The further analysis carried out 1 year following the implementation of the RPPS achieved a higher level of agreement with the final priority assigned to each issue, indicating that generally the meeting agrees with the RPPS priority and does not often change it. Again, where an exact match was not achieved, the RPPS generally prioritised issues higher than the final agreed priority. This increased agreement with RPPS post-implementation is not unexpected as, during the pilot study meeting, attendees were asked for their priority prior to revealing the RPPS result, whereas post-implementation, the RPPS result is presented first. People are likely to require more reason to change their initial opinion once given than to concur with a priority presented to them first.

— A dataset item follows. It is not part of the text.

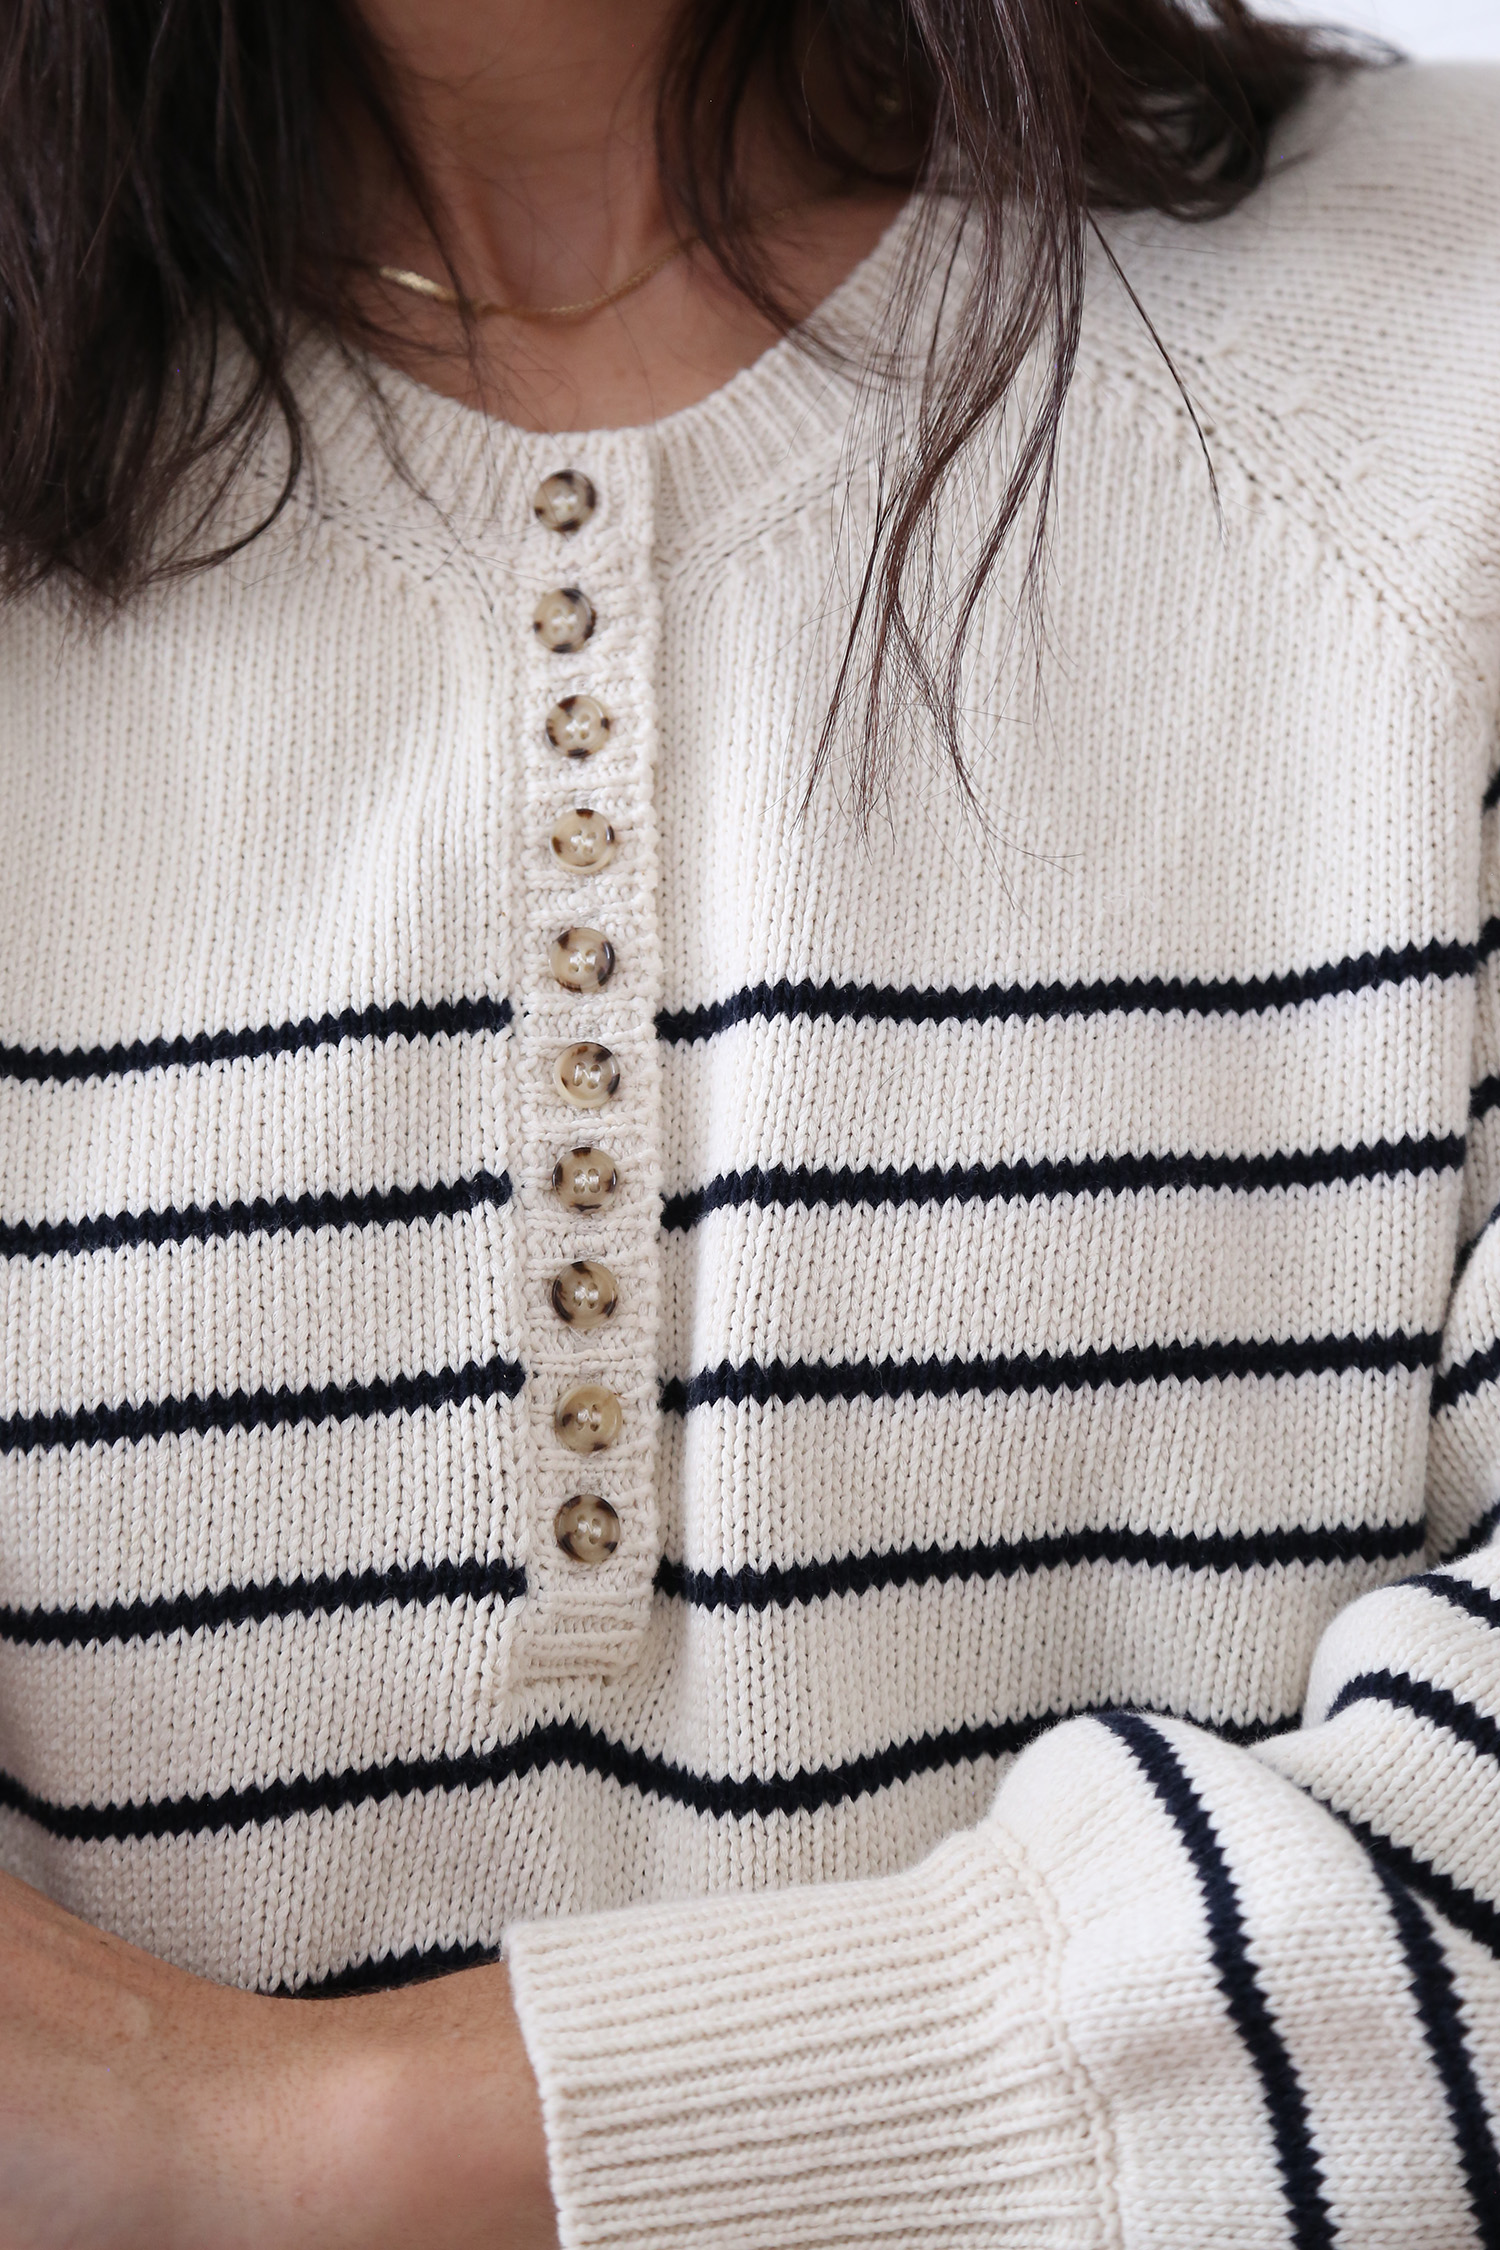 Cotton Striped Top French Girl Style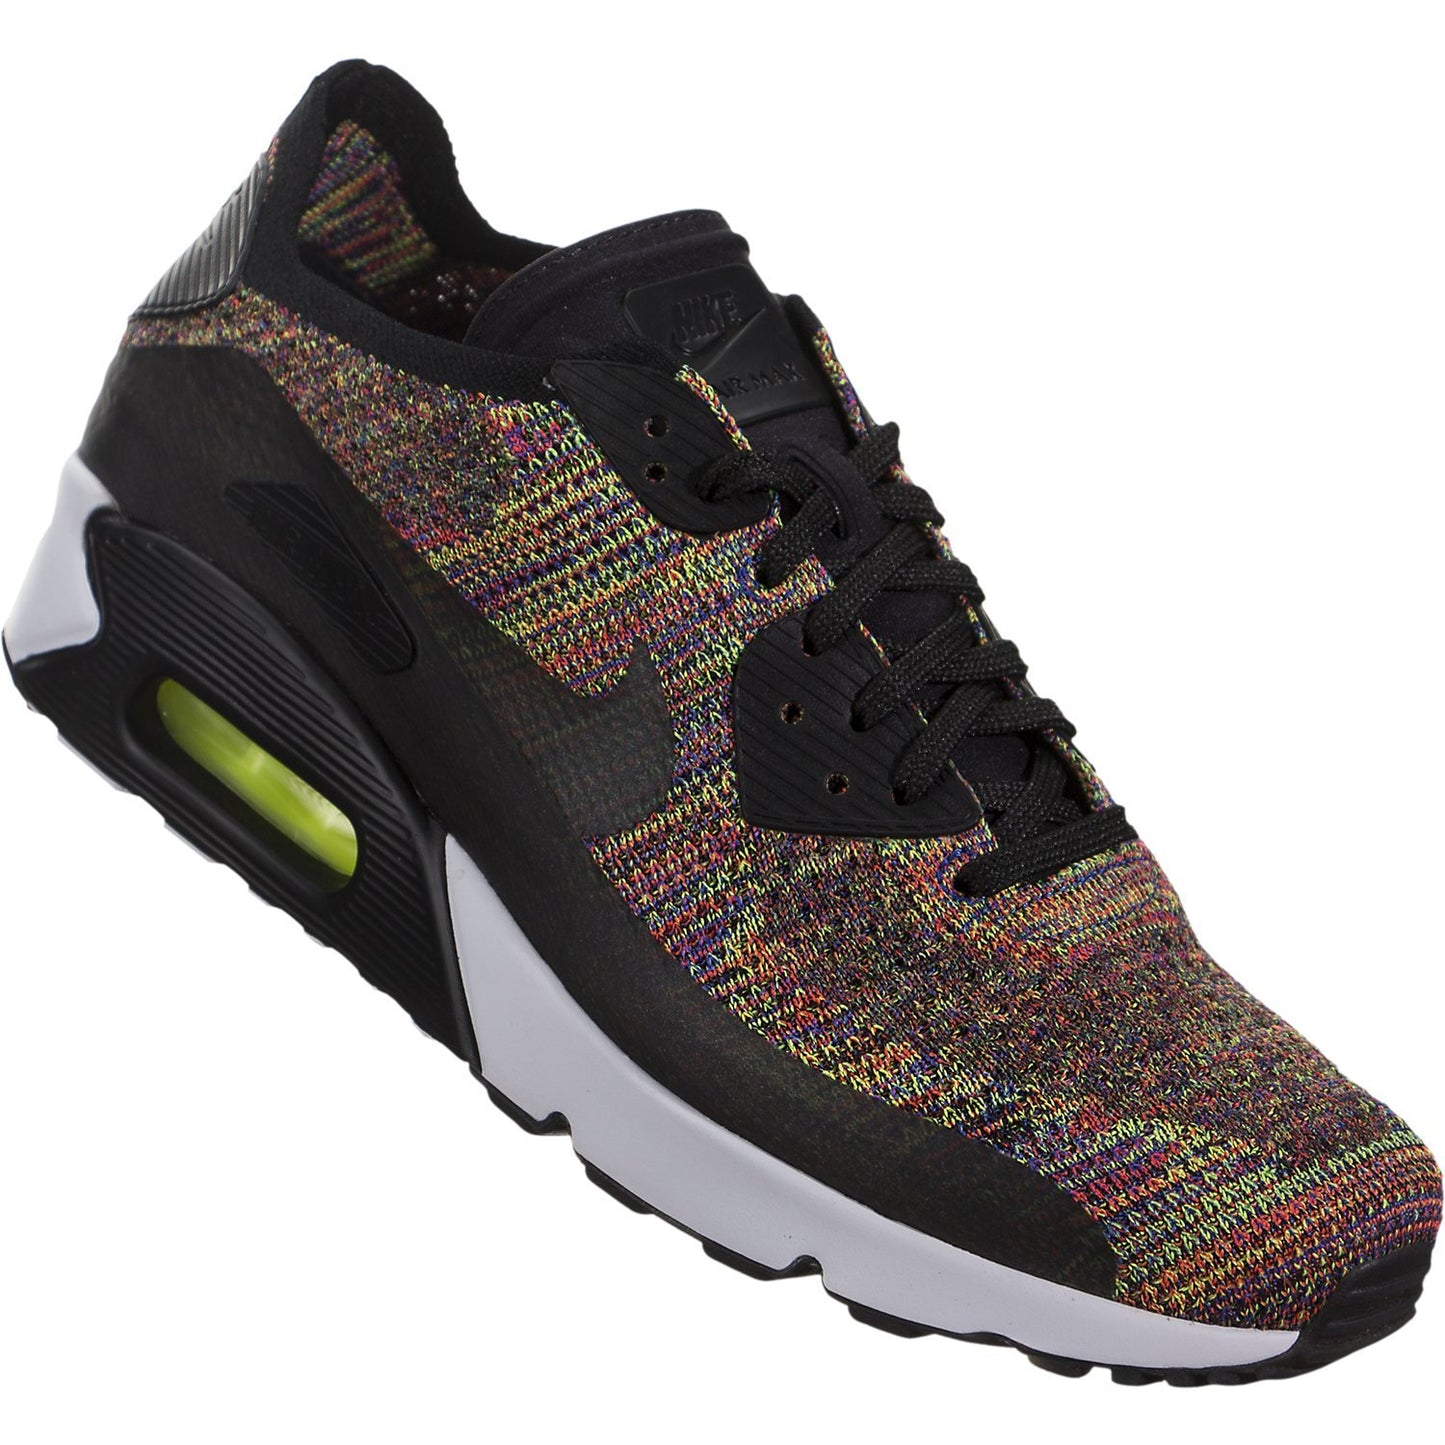 Nike Air Max 90 Ultra 2.0 Flyknit Multi-Color 875943-002

The results from the pilot study and post-implementation investigation (Figs. 3, 4) also show that over the two study periods, the distribution of RPPS priorities is very similar, with around 39 % of issues prioritised as ‘Standard’, 54 % as ‘Increased’ and 6 % as ‘Top’. Such similar results obtained over two different study periods demonstrates that the RPPS is consistent in its approach to issue prioritisation. Overall, the results of both the pilot study and the post-implementation investigation show that the RPPS provides a consistent, systematic approach to issue prioritisation that removes some of the subjectivity of reliance on the judgement of members of a meeting.

Whilst the RPPS was developed specifically for use at the MHRA, there is potential for it to be adapted for use by other regulatory authorities for issue prioritisation with minimal modification. For example, Table 1 describes the inputs required by the RPPS for a UK setting but these could easily be modified for another country/region. Adaptation for use by pharmaceutical companies would require more extensive modification as some of the criteria are not applicable to industry (i.e. the regulatory obligations criteria), but the general concept could be utilised and a set of industry obligations could be developed to be used instead.

Limitations of the RPPS include biases inherent with spontaneous ADR data, as some of the criteria rely on spontaneous data, which may result in falsely elevated or decreased evidence or public health scores. Although the RPPS relies on 16 different criteria and has been developed to include information considered to be the most important for issue prioritisation, it cannot include all information relevant for every potential issue and therefore can never completely replace the need for review by scientific and medical assessors. For this reason, the RPPS is intended to support and guide judgement on issue prioritisation rather than provide a definitive answer.

We did not specifically analyse the impact of scoring ‘yes’ or ‘don’t know’ during the pilot study. As the inputs are weighted differently, the impact will be greater for those inputs with a higher attributed weight, e.g. the impact of scoring ‘yes’ for health consequences will be greater than the impact of scoring ‘yes’ for the total number of spontaneous reports. The intention was that the data required for the RPPS would be reasonably easy to obtain and therefore each RPPS assessment would not take long to perform. The majority of data required will be readily available from regulatory/drug utilization databases, with some inputs potentially requiring a simple literature search (e.g. data sources, biological plausibility). It is therefore envisaged that the number of inputs scoring ‘don’t know’ will be very low. Indeed, during the pilot study, all answers were either ‘yes’ or ‘no’ with no occurrences of ‘don’t know’.

5 Conclusion

The RPPS provides a systematic, consistent approach to pharmacovigilance issue prioritisation in a regulatory setting to enable resource to be allocated within an appropriate timescale. The method removes some of the reliance on subjective decision making for prioritising issues and provides a valuable audit trail. The RPPS has the potential to be adapted for use within other regulatory agencies and the pharmaceutical industry.